Una grave vulnerabilità di sicurezza nel sistema Companies House del Regno Unito ha esposto i dati personali dei direttori di oltre 5 milioni di aziende registrate. La violazione, venuta alla luce venerdì scorso, ha consentito l’accesso non autorizzato a informazioni sensibili, comprese date di nascita e indirizzi di residenza.
La natura del difetto
Il difetto risiedeva nel sistema WebFiling della Companies House, la piattaforma utilizzata per le registrazioni e gli aggiornamenti ufficiali delle aziende. Un semplice exploit, tornando indietro quattro volte nel sistema mentre si era connessi, consentiva agli utenti di visualizzare e persino modificare i dettagli di altre società, comprese le informazioni di contatto del direttore.
John Hewitt, un ricercatore di Ghost Mail, ha identificato per primo la vulnerabilità e l’ha segnalata alla Companies House. Il problema è stato fatto risalire a un aggiornamento implementato nell’ottobre dello scorso anno.
Impatto e risposta
La Companies House ha sospeso rapidamente il servizio WebFiling non appena ha scoperto il difetto e lo ha ripristinato lunedì dopo aver implementato una correzione. L’agenzia invita ora tutte le aziende registrate a verificare i propri dati, assicurandosi che non siano state apportate modifiche non autorizzate.

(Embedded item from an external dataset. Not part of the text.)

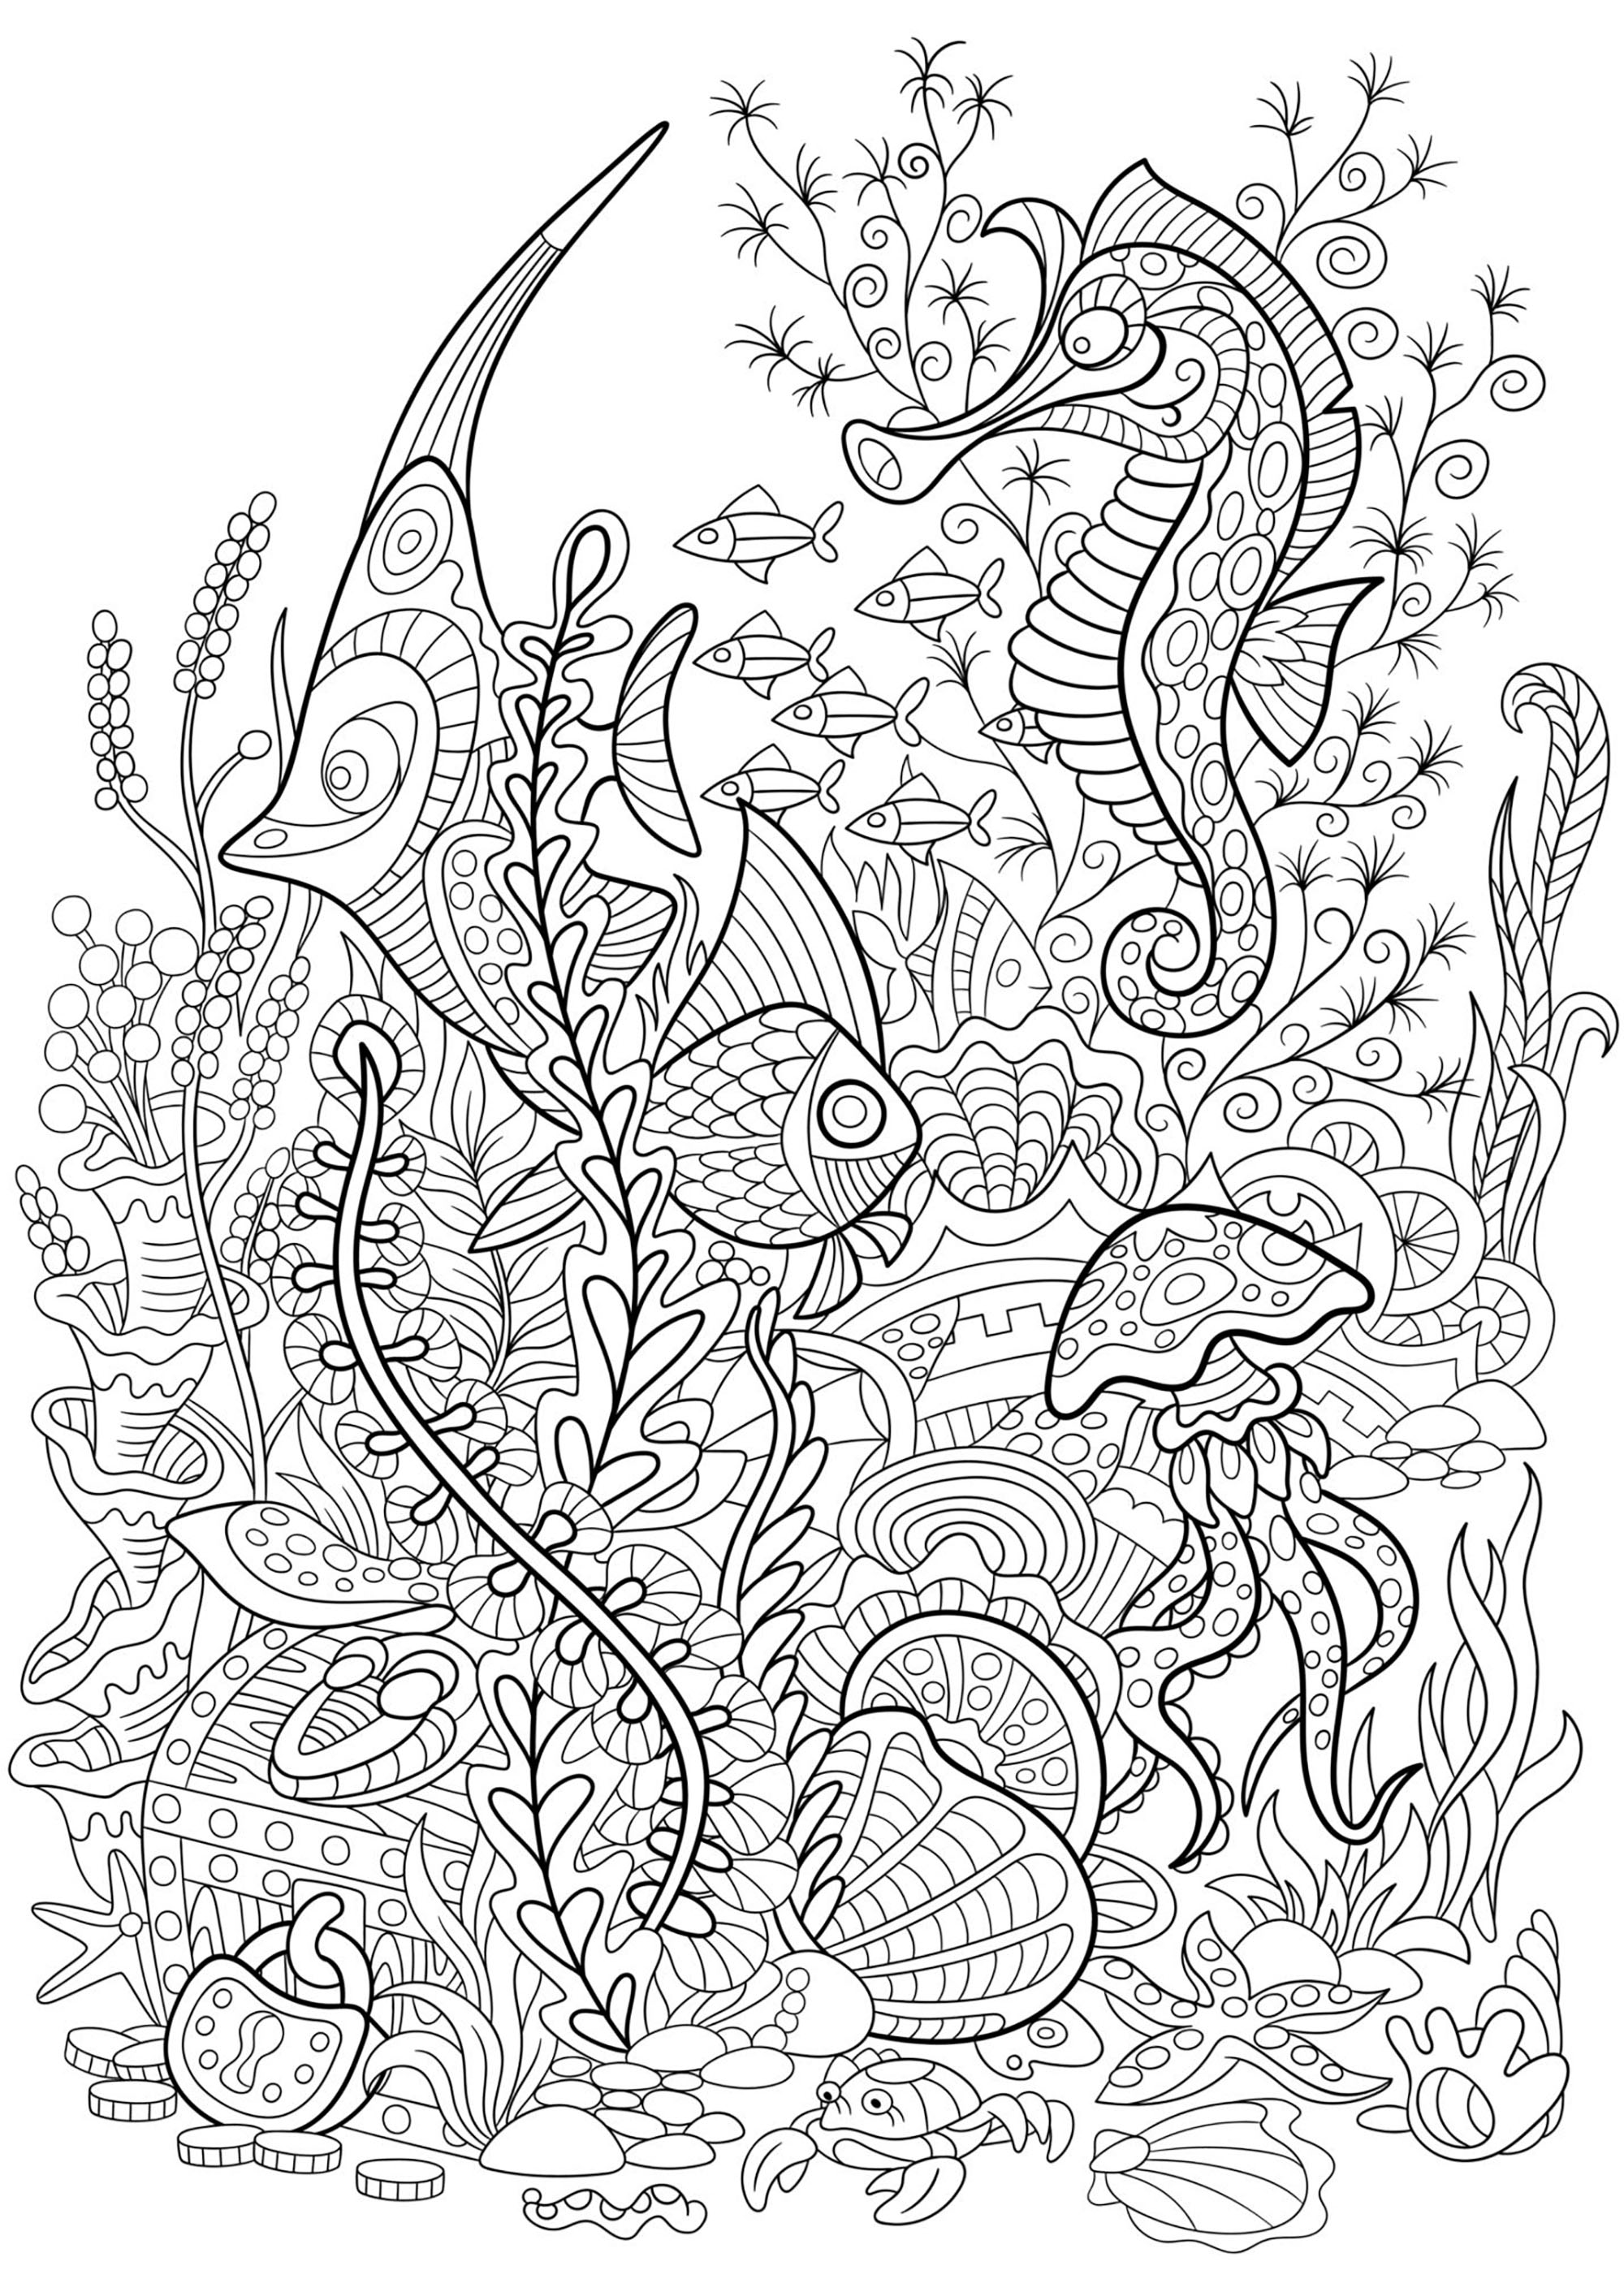 Seaworld con peces, caballitos de mar, medusas y plantas acuáticas, Artista : Sybirko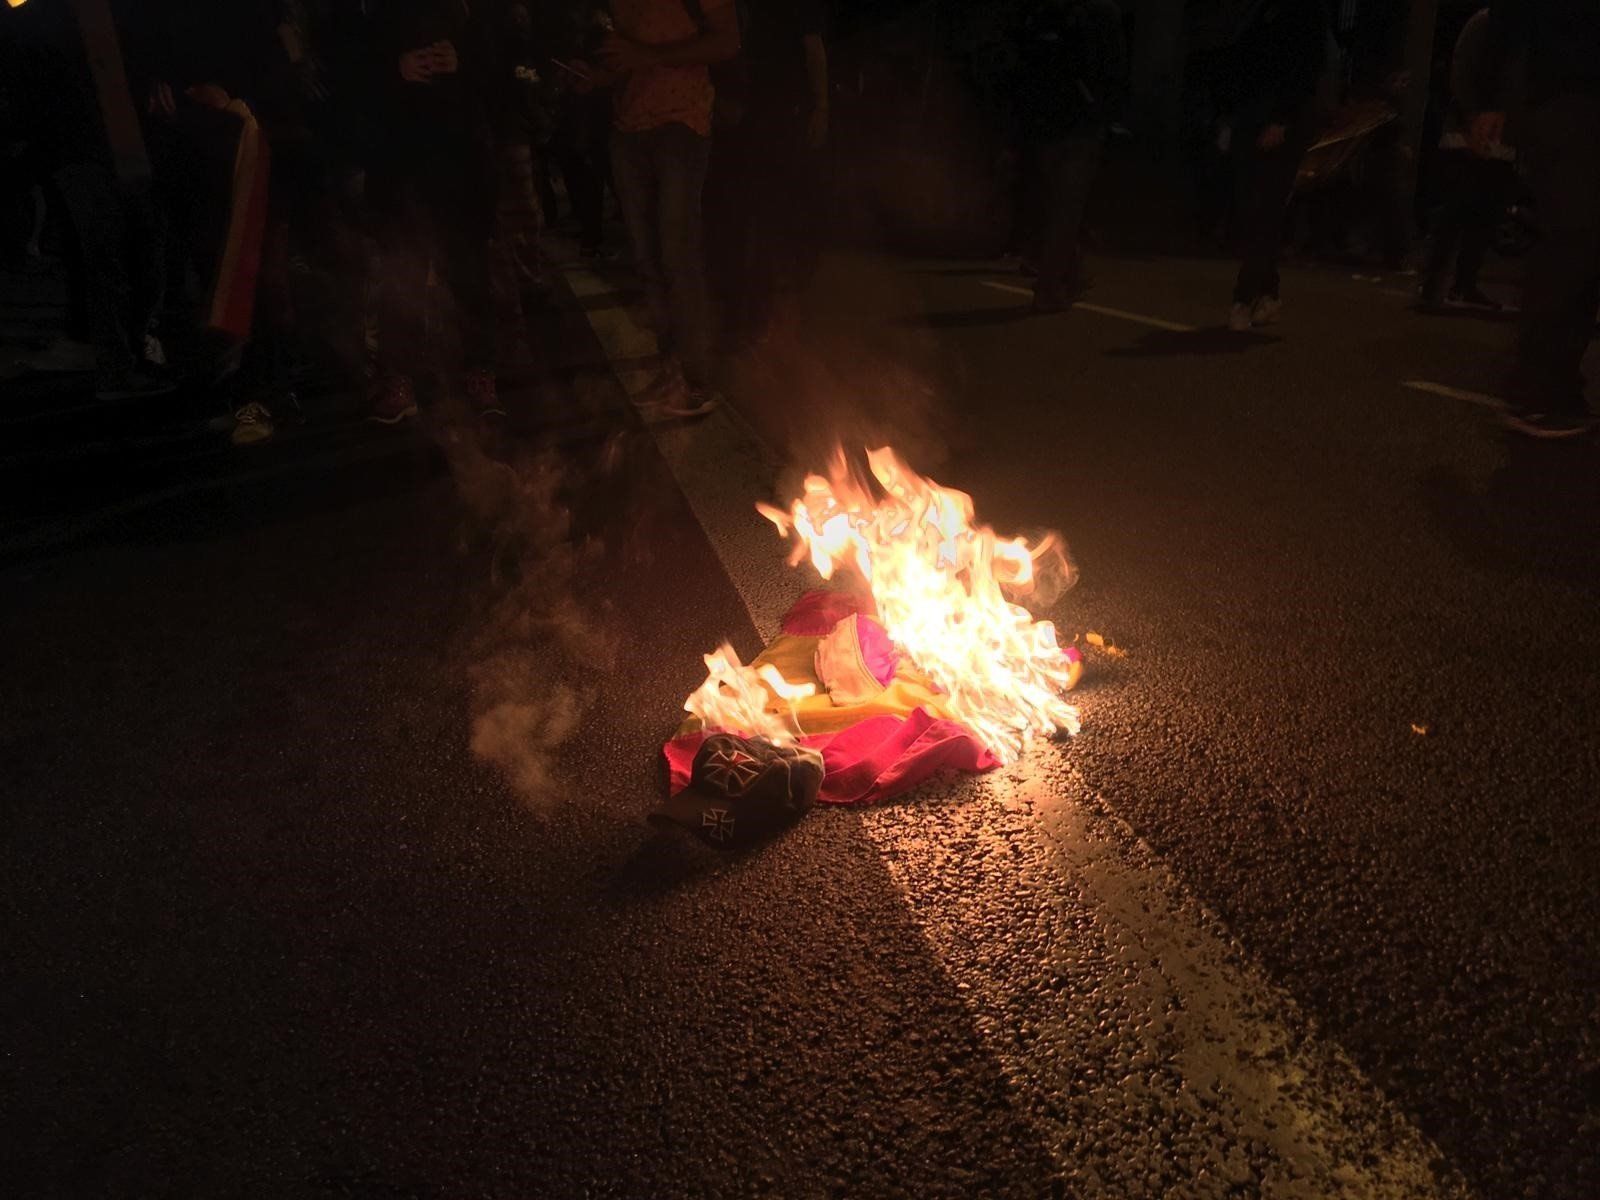 Bandera preconstitucional en llamas, anoche en Barcelona.

Il CEO Andy King ha sottolineato che, sebbene la vulnerabilità esistesse, al momento non ci sono prove confermate di un uso improprio dei dati. Tuttavia, è in corso un’indagine, con il supporto dell’Information Commissioner’s Office (ICO) e del National Cyber Security Center (NCSC).
Perché è importante
Questo incidente evidenzia il rischio persistente di violazioni dei dati all’interno dei sistemi gestiti dal governo. Le informazioni esposte potrebbero essere sfruttate per furti di identità, truffe di phishing o molestie nei confronti della leadership aziendale. La facilità con cui è stata attivata la falla sottolinea la necessità di rigorosi test di sicurezza e aggiornamenti proattivi nelle infrastrutture critiche.
“L’esposizione di tali dati personali solleva notevoli preoccupazioni sulla protezione dei leader aziendali e sull’integrità del registro aziendale del Regno Unito”, ha commentato un analista di sicurezza informatica a conoscenza del caso.
La Companies House è intervenuta per contenere la violazione, ma l’incidente serve a ricordare che anche i sistemi essenziali possono essere vulnerabili allo sfruttamento.